Hypothesis Testing & Confidence Intervals
This is where descriptive statistics turns into decision-making. Confidence intervals tell you what values are plausible. Hypothesis tests tell you whether the observed evidence is strong enough to challenge a model, a parameter, or a claim.
From data to statistical decisions
Confidence intervals
A confidence interval gives a range of plausible values for an unknown parameter. A 95% CI means that across many repeated samples, 95% of intervals constructed in the same way would contain the true parameter.
Width depends on three things: variability, sample size, and confidence level. More data or less noise means a narrower interval.
Hypothesis testing
Start with a null hypothesis: for example, “the model is correctly calibrated.” Then compute a test statistic and ask how unusual the observed data would be if that null were actually true.
The p-value measures exactly that: how extreme the data is under H₀. Small p-values suggest the data is difficult to reconcile with the null.
A useful order for learning inference
Start with interval thinking
Before “significance,” first learn how uncertainty around an estimate behaves. Confidence intervals make that visible.
Then learn the logic of H₀
A hypothesis test is not “is my model true?” It is “would this data be surprising if the null were true?”
Then separate α, β, and power
False alarms, missed problems, and detection ability are different things. Serious validation work depends on that distinction.
Only then move into regulatory tests
Traffic light rules, binomial backtests, Hosmer-Lemeshow, Wald, and LR tests all make more sense once the framework is already clear.
Confidence Interval Builder
Adjust the estimate, standard deviation, sample size, and confidence level. Watch the interval expand or contract as precision changes.
What a p-value actually means
A p-value is the tail area beyond the observed statistic, under the assumption that H₀ is true. It is not the probability that H₀ is true.
False alarms, missed problems, and detection power
Hypothesis testing is not only about α. It is also about β and power. A test can be “strict” but weak, or permissive but sensitive.
True negative
False negative
False positive
Power = 1 − β
Binomial PD backtest in action
This is one of the classic validation questions: the model predicts PD = p for a pool of n exposures, but the realised defaults are d. Is that still plausible under H₀?

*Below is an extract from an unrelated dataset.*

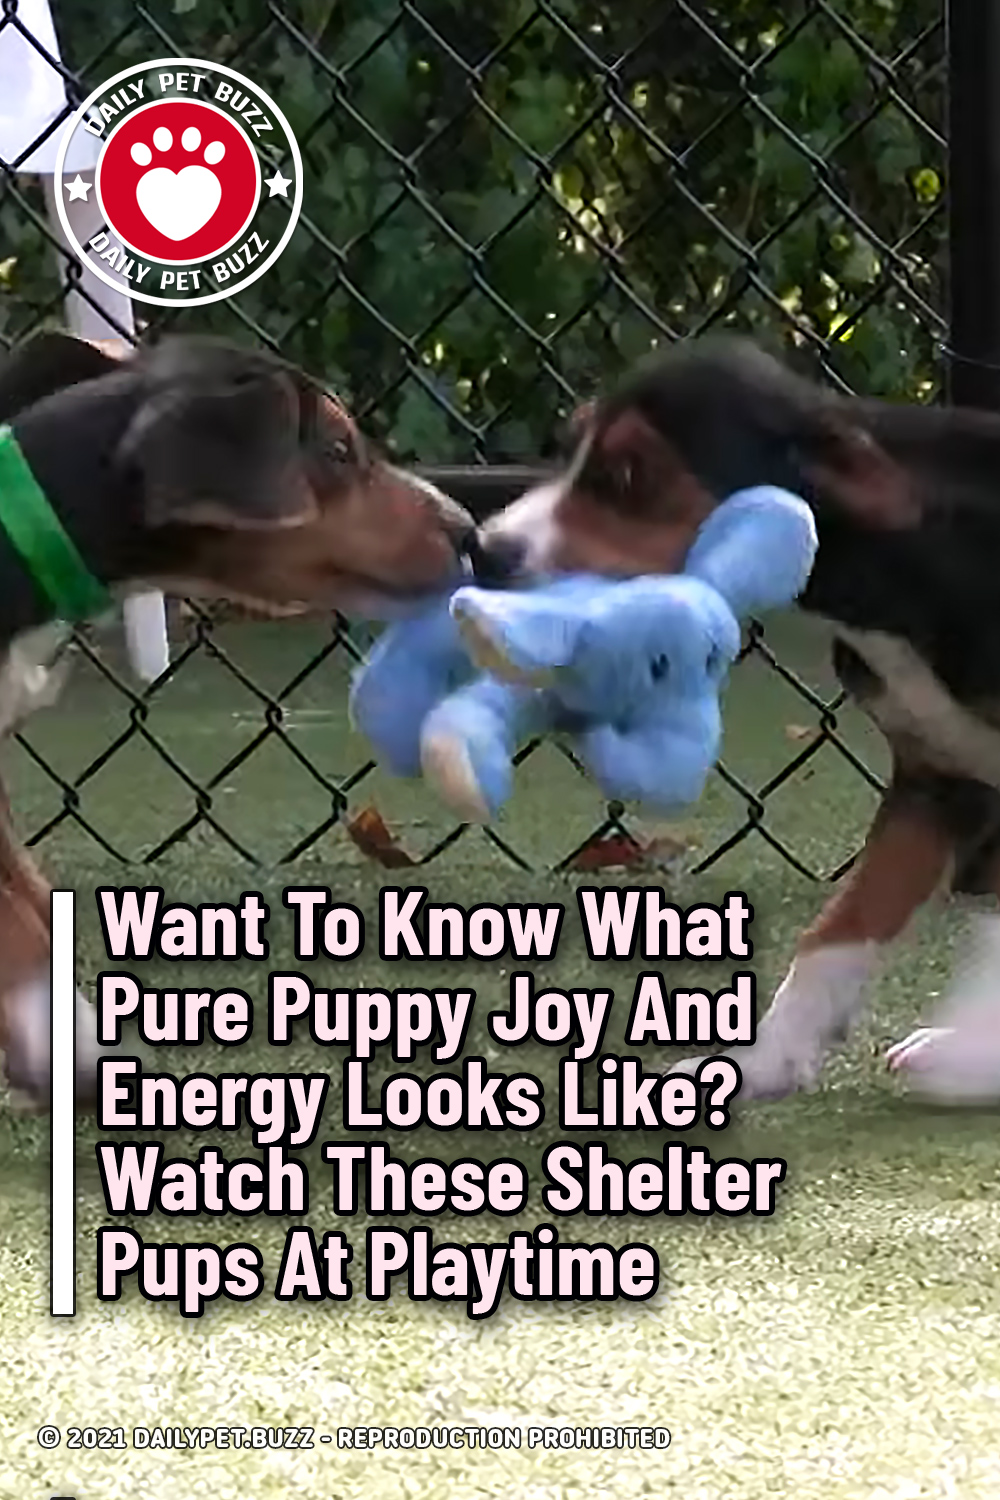 Want To Know What Pure Puppy Joy And Energy Looks Like? Watch These Shelter Pups At Playtime

Tests commonly used in validation
| Test | Null Hypothesis | When used | Statistic | Validation role |
|---|---|---|---|---|
| Binomial test | d ~ Binom(n, PD) | PD backtesting | exact p-value | Traffic light, calibration checks |
| z-test (proportion) | p̂ = PD | Large-n PD test | z = (p̂−PD)/SE | Quick approximation to binomial logic |
| Chi-squared / HL | Model fits grouped data | Bucket calibration | χ² | Calibration across grades or deciles |
| t-test | μ = μ₀ or μ₁ = μ₂ | Comparing means | t | Coefficient and sample mean significance |
| KS test | Same distribution | Separation testing | D = max|F₁−F₂| | Discrimination check |
| Wald test | β = 0 | Coefficient significance | β̂ / SE(β̂) | Predictor-level inference |
| Likelihood Ratio | Restricted model is enough | Model comparison | −2ΔLL | Does extra complexity help? |
| Anderson-Darling | Data follows target distribution | Normality checks | A² | Residual or assumption checking |
Concepts every validator should keep
Small p is not the whole story
A tiny p-value can reflect a trivial effect with a huge sample. Always combine significance with effect size and materiality.

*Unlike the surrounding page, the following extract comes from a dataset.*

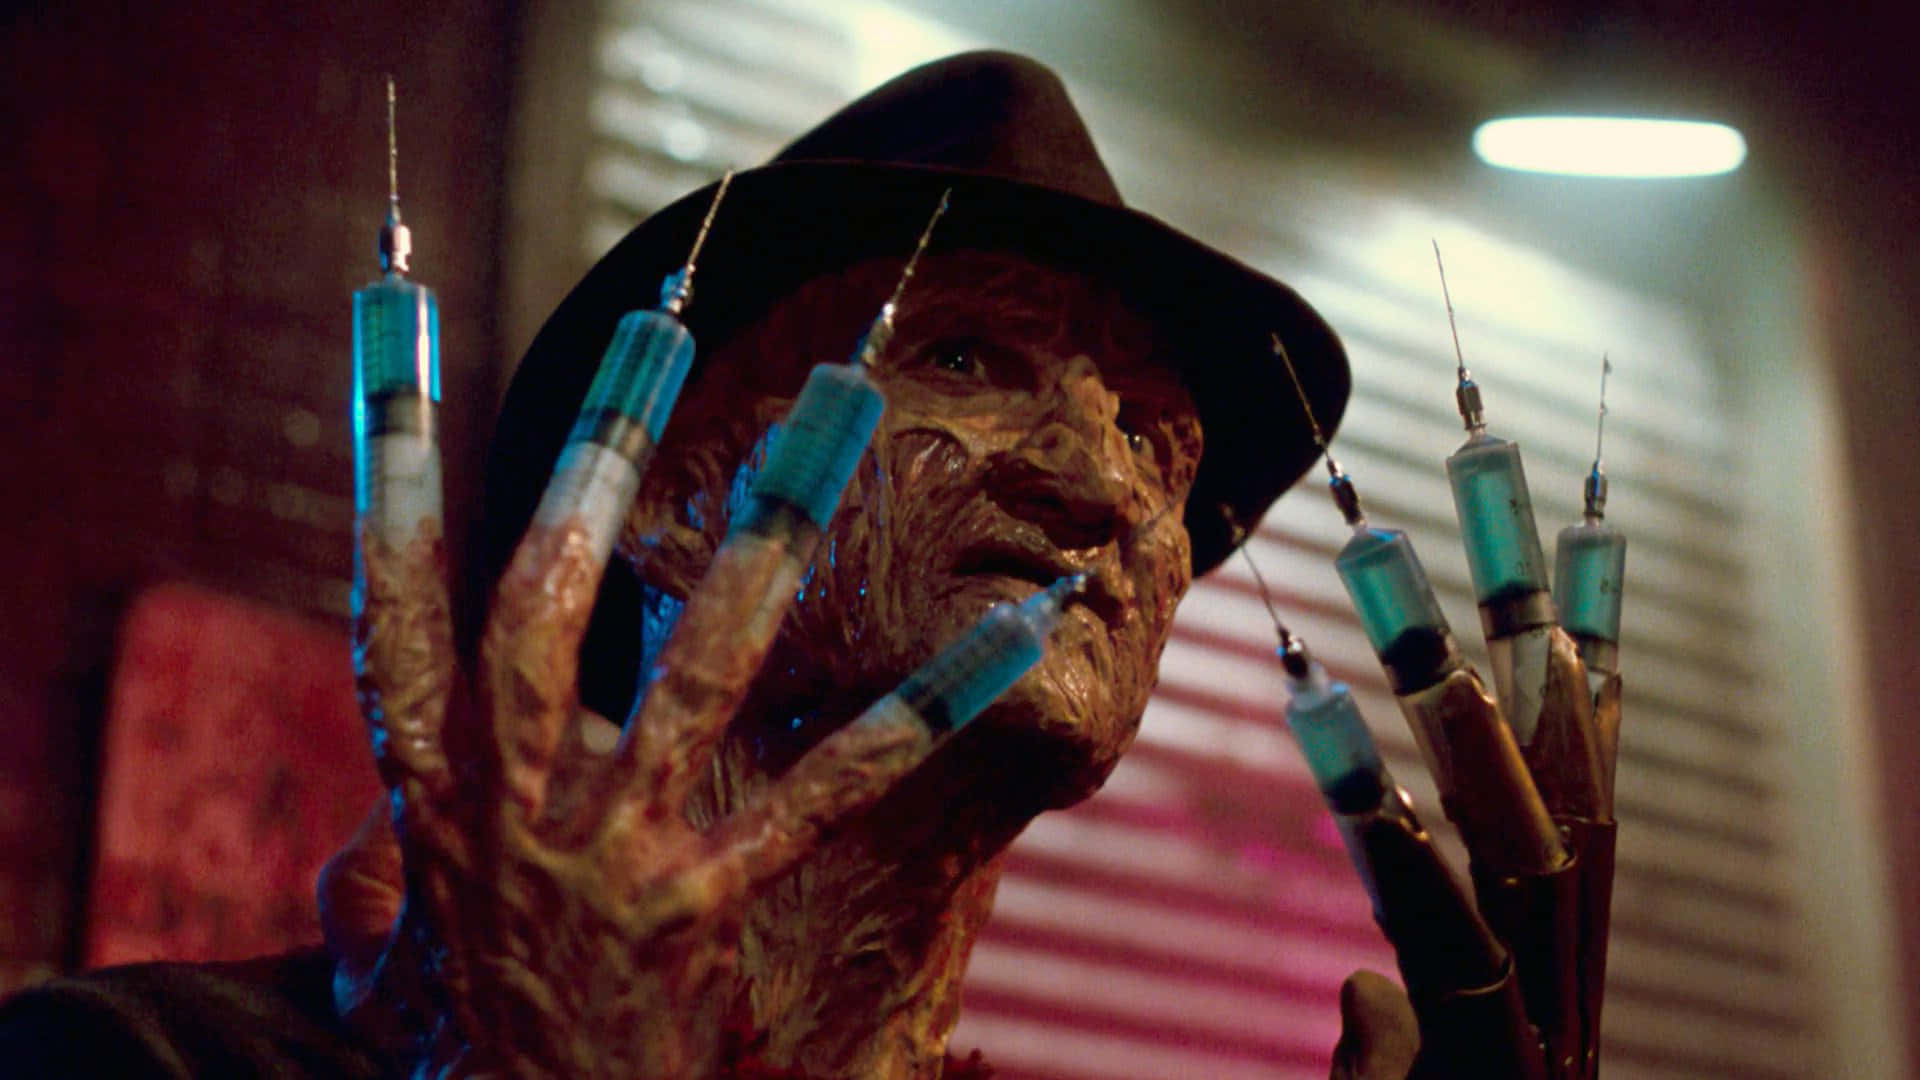 The nightmare creature Freddy Krueger in all his terrifying glory.

False positives accumulate
If many segments or grades are tested separately, one or more may fail by chance alone. Context and correction matter.
Direction changes the test
Many risk settings care more about underestimation than overestimation, so one-sided tests can be more aligned with the real question.
Weak tests can “pass” bad models
Small portfolios or mild miscalibration often lead to low power. A non-significant result does not automatically mean the model is fine.
Statistical and economic materiality differ
A difference can be statistically detectable and still operationally irrelevant, or materially serious and statistically hard to prove in small samples.
No single test is enough
Good validation combines interval thinking, hypothesis tests, discrimination metrics, stability checks, and judgement.
What to leave this page with
Confidence intervals tell you what parameter values remain plausible. Hypothesis tests tell you whether the observed data is too difficult to reconcile with the null.
The useful order is: first learn interval uncertainty, then p-values, then Type I and Type II errors, then power, and only after that apply the tools to PD backtesting and validation tests.
Once that structure is clear, inferential statistics stops being a list of formulas and becomes a decision framework.